Re: [GENERAL] I don't want to back up index files

2009-03-11 Thread Glen Parker

Tom Lane wrote:

Alvaro Herrera  writes:

FWIW I don't think this idea is silly at all.  It's so not-silly, in
fact, that we already have some access methods that do this if an index
cannot be recovered (I think at least GiST does it).


Well, there's a difference between "rebuild the index when it can't be
recovered" and "lose the index anytime the system burps".  AFAICS what
Glen is proposing is to not WAL-log index changes, and with that any
crash no matter how minor would have to invalidate indexes.


Nooo...!  This has nothing to do with WAL logging index changes.  What I 
propose would have no effect on an end user that continues to back up 
indexes.  It would give people the *option* to not back up indexes.


This is about disaster recovery and the backups required to recover 
sanely, not about hiccups that cause only the last handful of 
transactions to be redone.


Causing invalidation of indexes after a crash might be acceptable in 
some settings, but not in mine, and that isn't what I'm after.


-Glen


--
Sent via pgsql-general mailing list (pgsql-general@postgresql.org)
To make changes to your subscription:
http://www.postgresql.org/mailpref/pgsql-general


Re: [GENERAL] I don't want to back up index files

2009-03-11 Thread Glen Parker

Joshua D. Drake wrote:

1. You could put all your indexes into a table space, this would allow
you to "try" different things with the indexes.


Most of them are, but I still have to back them up in order to have a 
valid backup, because the PITR code would choke if any are missing.

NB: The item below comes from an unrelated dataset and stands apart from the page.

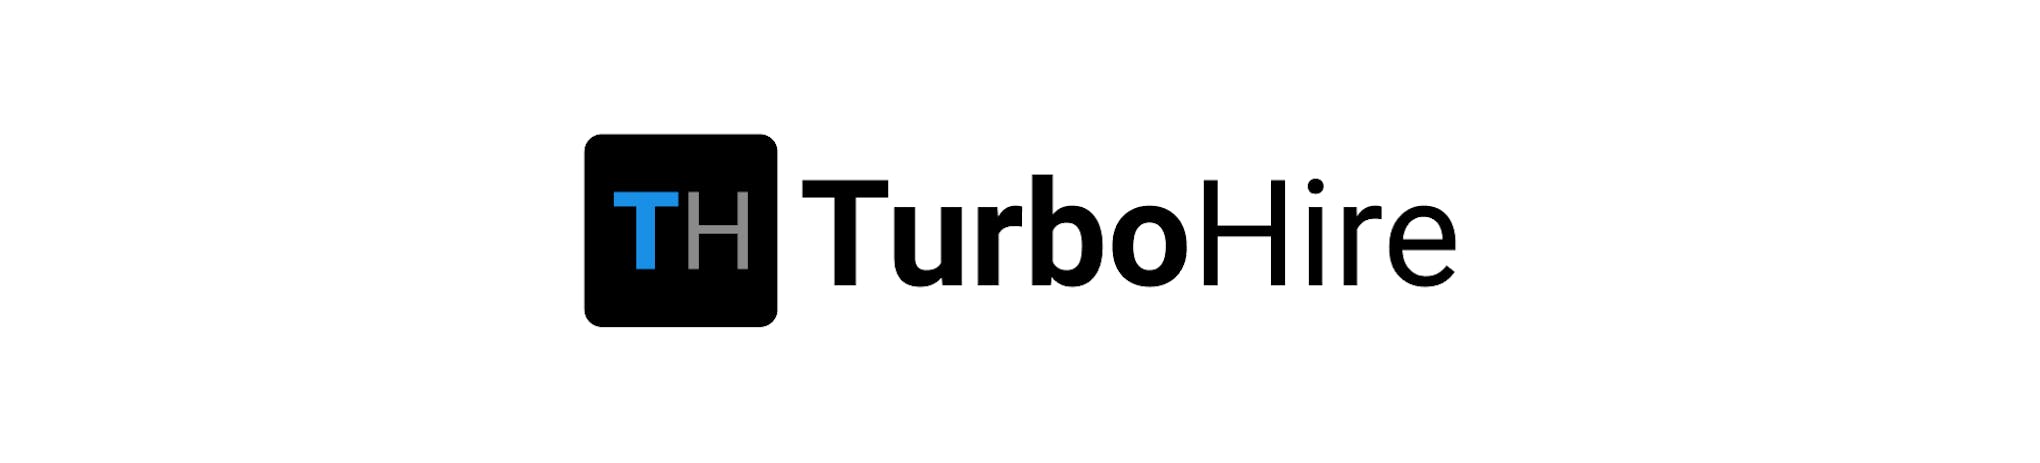 TurboHire.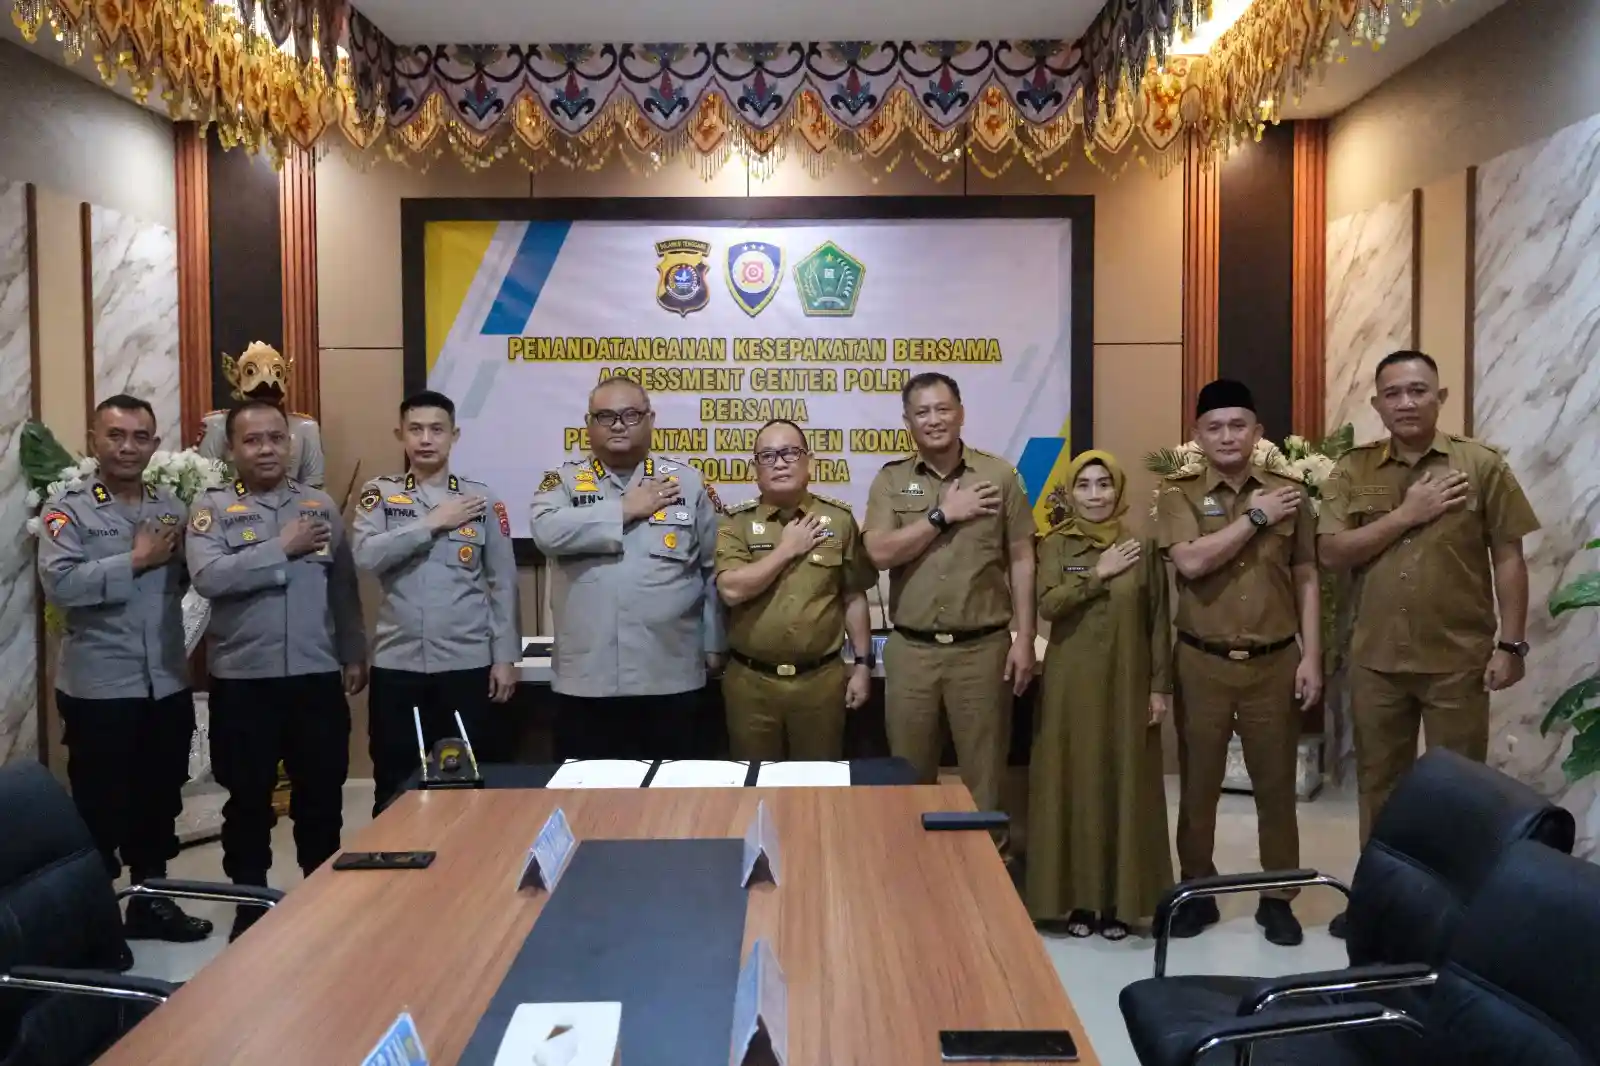 Biro SDM Polda Sulawesi Tenggara Teken MoU Assessment Center Polri dengan Pemkab Konawe

2. Even though my peer Alvaro doesn't think the idea is silly, I still
do and here is why. If you can invalidate the indexes you will have to
reindex (or recreate) to make them valid (as you mentioned). That is an
exclusive lock.

If your database has any level of concurrency the cost to
recreate/reindex those indexes right when you are attempting to get your
standby into production is going to be very high. Basically you are
trading 25% hard disk space for a longer, possibly excessively longer
outage. Hard disk space is so darn cheap that it doesn't seem to make
any sense.


We have yet to recover from a PG disaster.  We back up every night, and 
never use the back ups for anything.  To me, it seems perfectly 
reasonable to get a quicker back up every night, with the remote 
possibility of ever having to pay the price for it.  And IMO, the price 
on recovery would be minor, if not negative.  The time to rebuild the 
indexes would be offset by the shorter time needed to restore the 
database cluster and allow the PITR stuff to work its magic.  And of 
course keep in mind, that while indexes are building, all the tables not 
being indexed are accessible.  Nothing is accessible during a PITR 
operation.  I would also be able to rebuild only the most important 
indexes and leave the system to operate with a few missing until things 
quiet down, and then finish reindexing.



-Glen


--
Sent via pgsql-general mailing list (pgsql-general@postgresql.org)
To make changes to your subscription:
http://www.postgresql.org/mailpref/pgsql-general


Re: [GENERAL] I don't want to back up index files

2009-03-11 Thread Tom Lane
Glen Parker  writes:
> Tom Lane wrote:
>> ... AFAICS what
>> Glen is proposing is to not WAL-log index changes, and with that any
>> crash no matter how minor would have to invalidate indexes.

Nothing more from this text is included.